Recent investigation suggest SDs have also occurred deep in vertebrate history or prior to fish tetrapod split. It has been proposed that such segmental duplication/Co duplication event play very critical role in early genome evolution (Abbasi 2010a; Abbasi 2010b; Ambreen S et al. 2014). These ancient SDs (prior to fish tetrapod split) have been termed as ancient segmental duplication (aSDs) to discriminate them from recent segmental duplication (rSDs) that have occurred during recent primate history (Ajmal et al. 2014; Abbasi et al. 2015).

Figure 1: Segmental duplication occurs underneath mechanisms of gene deletion, insertion and duplication that could be inter chromosomal or intra chromosomal duplication. Duplication shadowing shows that unique region where existing duplication sponsor further duplications like (C) gene depicts duplication shadowing region.

Useful references:

Bailey JA, Eichler EE (2006) Primate segmental duplications: crucibles of evolution, diversity and disease. Nature Reviews Genetics, 7, 552.

Cheung, J., X. Estivill, R. Khaja, J. R. MacDonald, K. Lau, L. C. Tsui, and S. W. Scherer (2003) Genome-wide detection of segmental duplications and potential assembly errors in the human genome sequence. Genome Biology, 4:R25.

Beverly S. Emanuel and Tamim H. Shaikh (2001) Segmental duplications: an ‘expanding’ role in genomic instability and disease. Nature Reviews Genetics, 2, 791.

Bailey, J. A., Gu, Z., Clark, R. A., Reinert, K., Samonte, R. V., Schwartz, S.& Eichler, E. E. (2002) Recent segmental duplications in the human genome. Science, 297, 1003-1007.

Michael Lynch and John S. Conery (2000) The evolutionary fate and consequences of duplicate genes. Science, 290, 1151.

Abbasi A.A.* (2010) Piecemeal or big bangs: correlating the vertebrate evolution with proposed models of gene expansion events . Nat Rev Genet, 11(2), 166.
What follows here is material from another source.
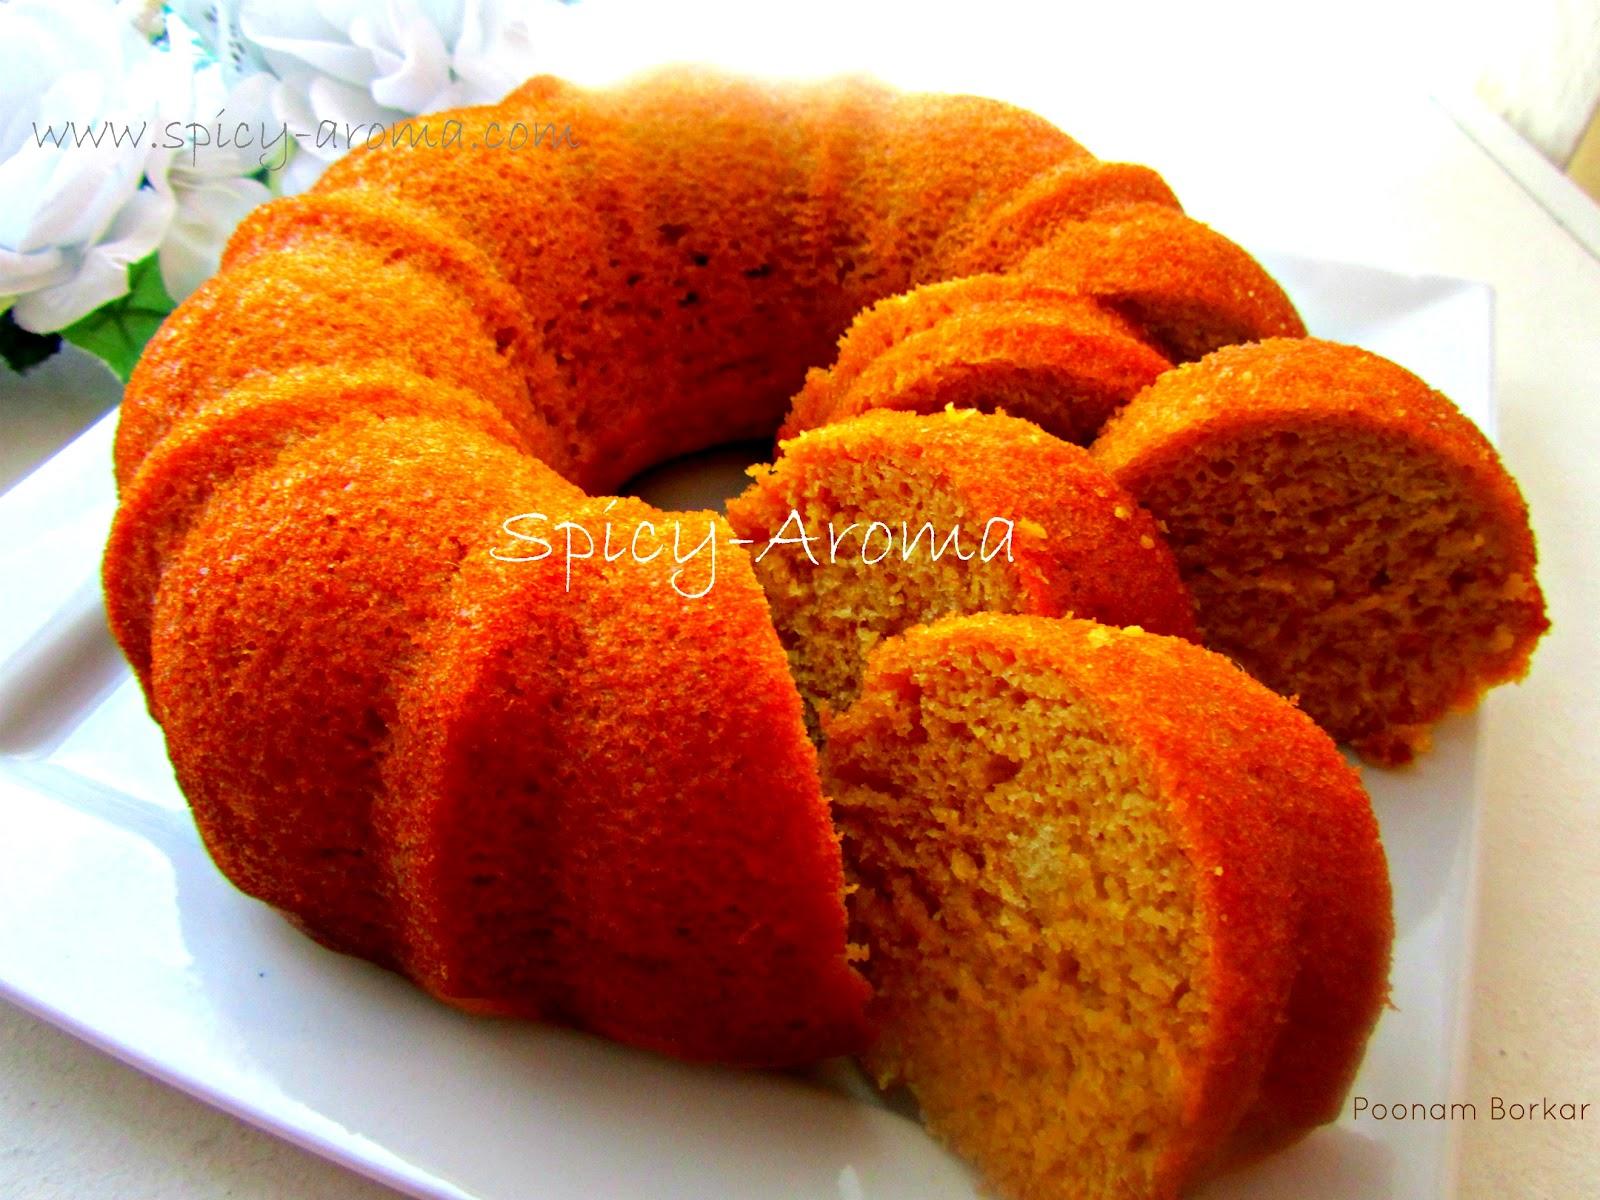 Mango Cake Spicy-Aroma

Abbasi A.A.* (2010) Unraveling ancient segmental duplication events in human genome by phylogenetic analysis of multigene families residing on HOX cluster paralogons . Molecular Phylogenetics and Evolution, 57, 836-848.

Ambreen S , Khalil F , Abbasi A.A*. (2014) Integrating large-scale phylogenetic datasets to dissect the ancient evolutionary history of vertebrate genome . Molecular Phylogenetics and Evolution, 78, 1-13.

Ajmal, W., Khan, H., Abbasi, A.A*. (2014) Phylogenetic investigation of human FGFR-bearing paralogons favors piecemeal duplication theory of vertebrate genome evolution. Molecular Phylogenetics and Evolution, 81, 49-60.

Hafeez, M., Shabbir, M., Altaf, F., and Abbasi, A.A*. (2016) Phylogenomic analysis reveals ancient segmental duplications in the human genome. Molecular Phylogenetics and Evolution, 94, 95-100.

Samonte RV, Eichler EE (2002) Segmental duplications and the evolution of the primate genome. Nature Reviews Genetics, 3, 65.